Je ne sais pas si c’est lié à la façon dont on a d’écrire nos scénarios, de les mettre en scène, de les monter ; mais c’est quelque chose de récurrent dans le cinéma français dans les films dramatiques, et une des raisons pour lesquelles j’ai toujours autant de mal à m’y plonger. Et ça m’ennuie que ça ressorte dans ce genre de film, parce qu’ils ont tellement de bons éléments dans leur scénario, leur intrigue, leurs personnages, c’est presque rageant de ne pas réussir à mettre ça en action convenablement. Arrêtez de faire du théâtre bon sang !

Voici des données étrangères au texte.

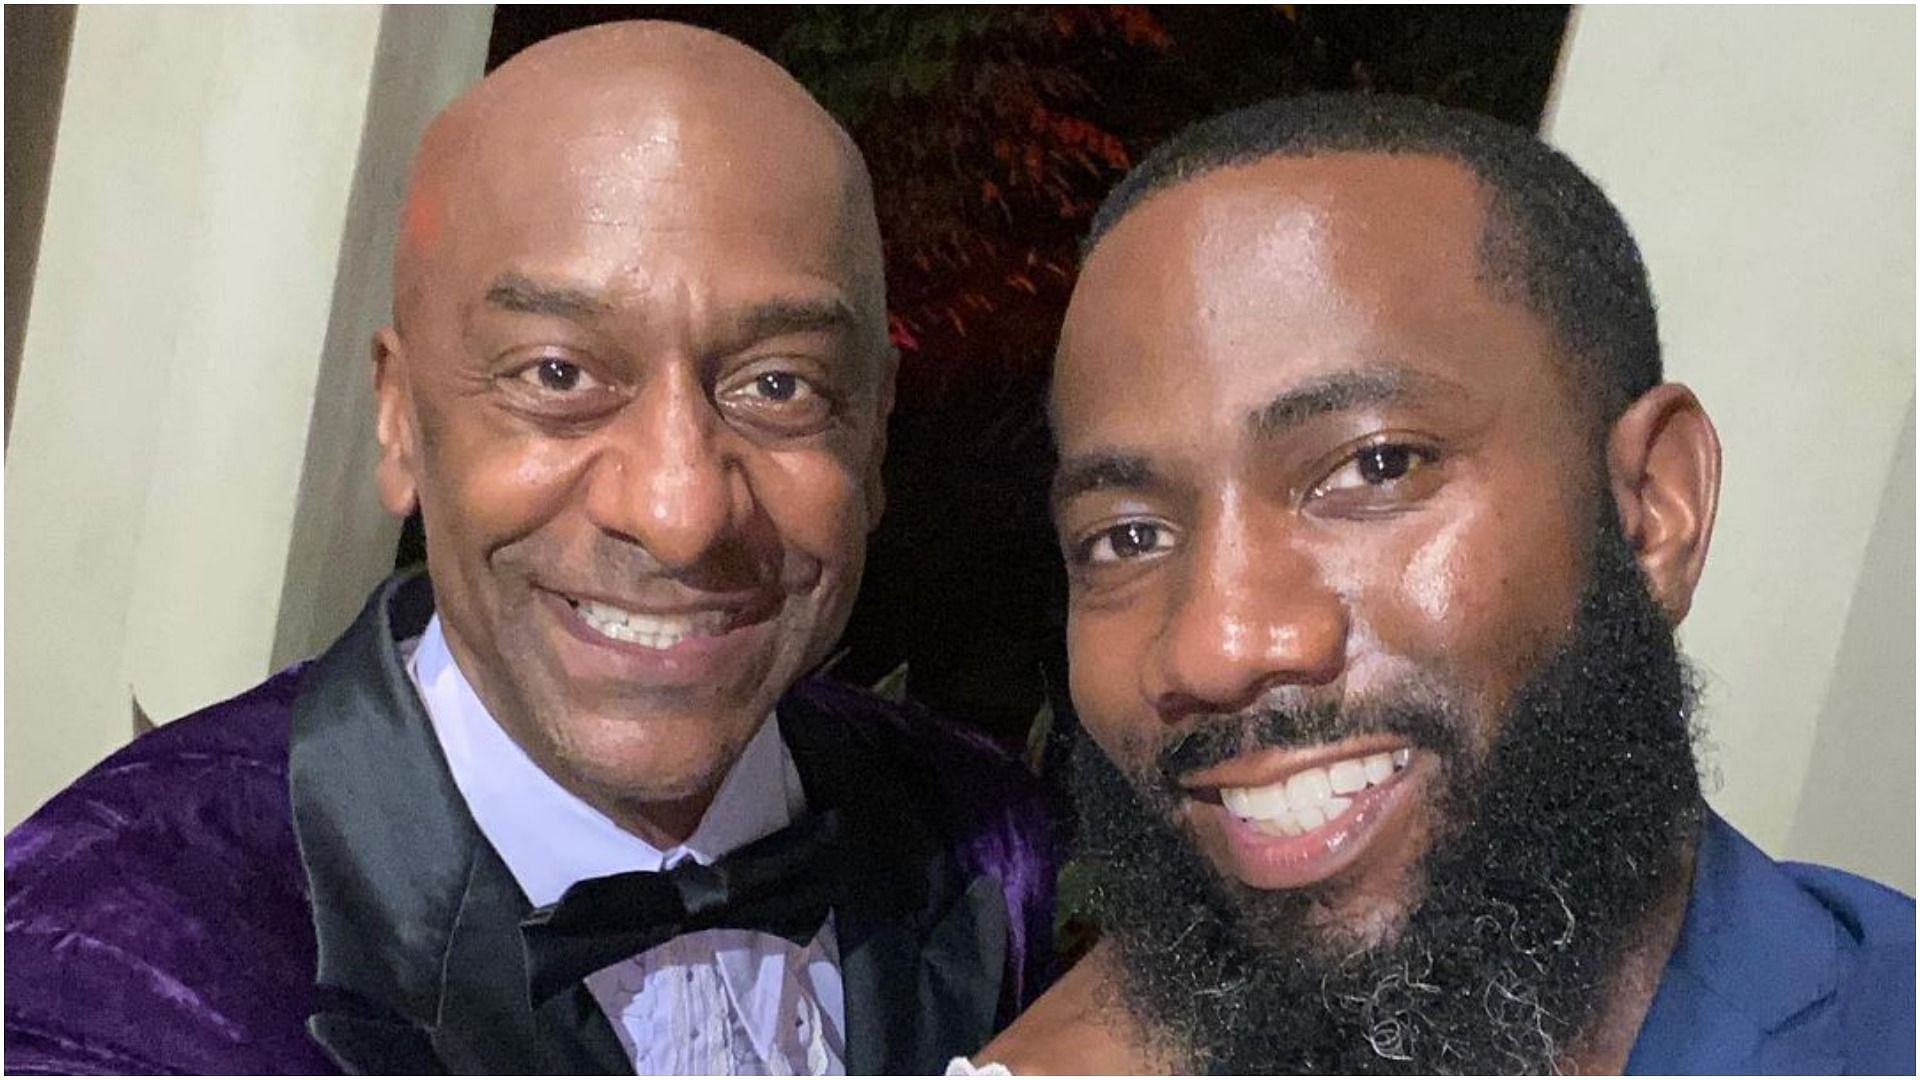 Stephen Hill with one of his friends. (Image via stephengranthill/Instagram)
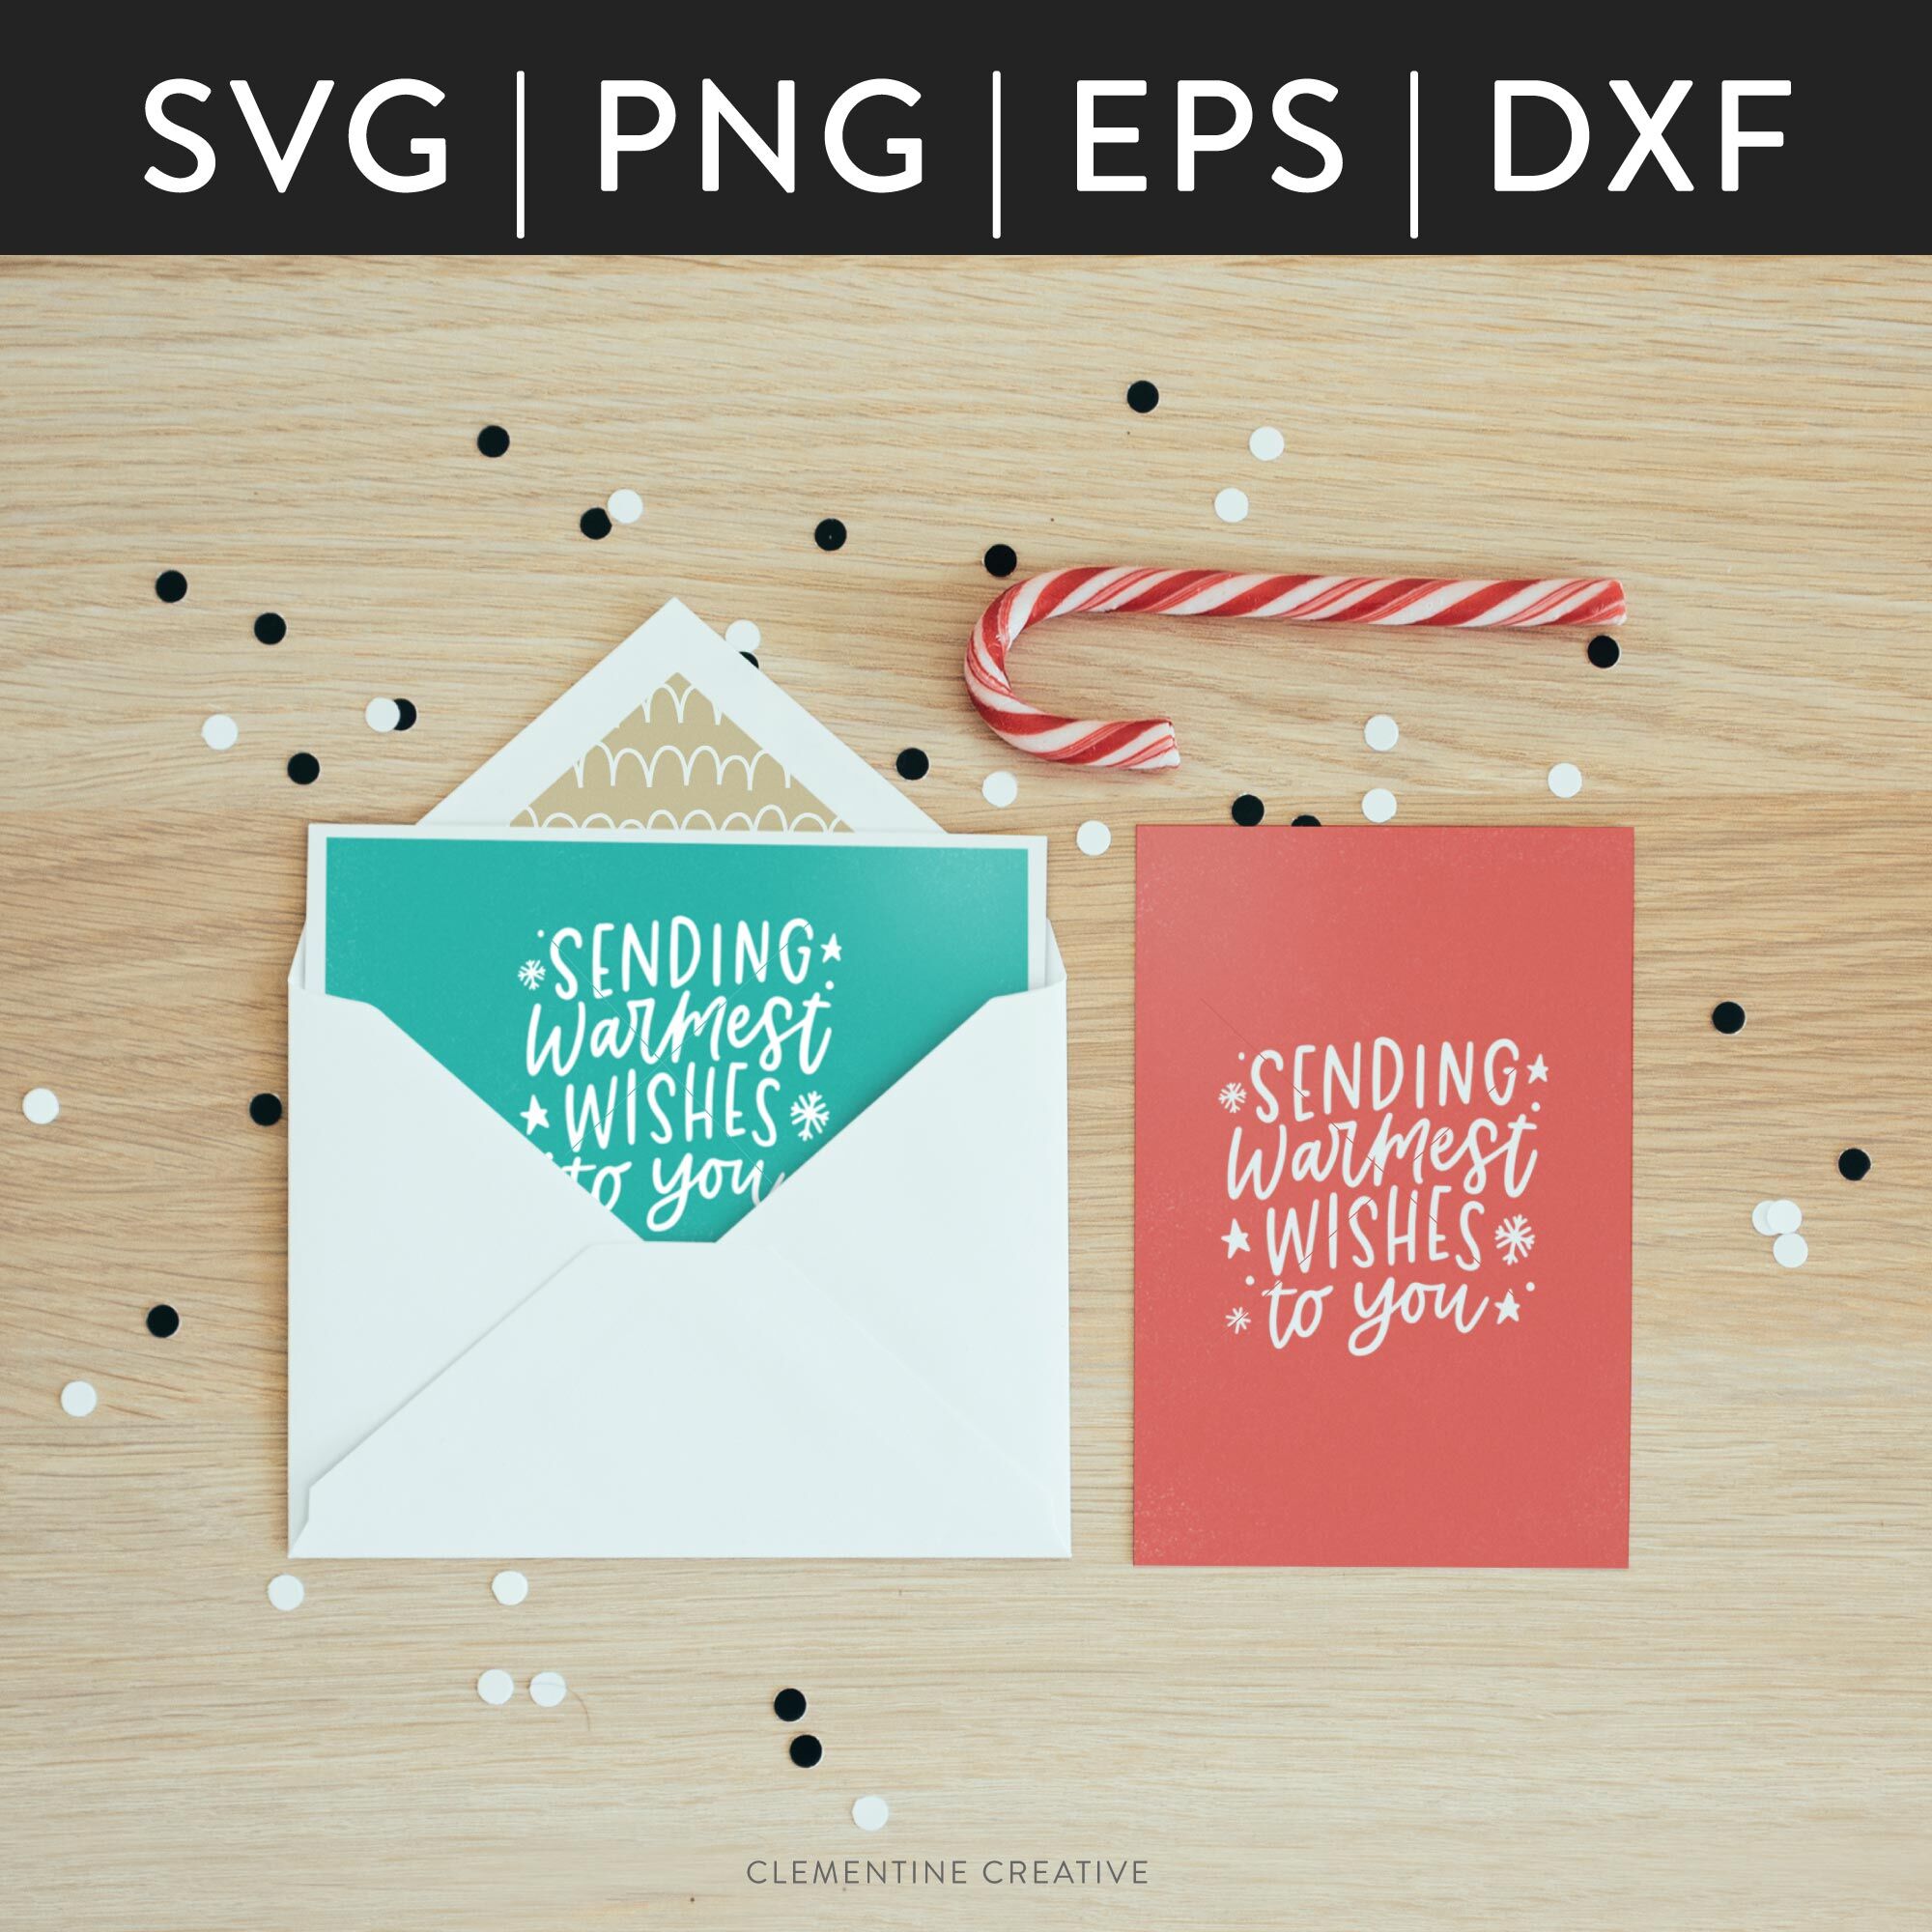 Christmas Svg Cutting Files Warmest Wishes Svg Holiday Wishes Svg By Clementine Creative Thehungryjpeg Com

Le casting est admirable. Je pense notamment à Nahuel Pérez Biscayart, qui est bluffant dans chacune de ses scènes et porte le film avec merveille. Il n’est pas le seul bien sûr, mais il est celui qui ressort le plus dans l’ensemble. Arnaud Valois est lui aussi très bon, et j’ai beaucoup aimé la mécanique qui s’installe entre eux au cours du film. C’est très naturel, progressif, et pourtant on ressent toute la passion qui les anime, l’intensité avec laquelle ils vivent leurs derniers instants. Ce sont typiquement les deux qui sortent du lot, après le reste du casting est un poil en retrait par rapport à eux, mais aussi bon dans l’ensemble.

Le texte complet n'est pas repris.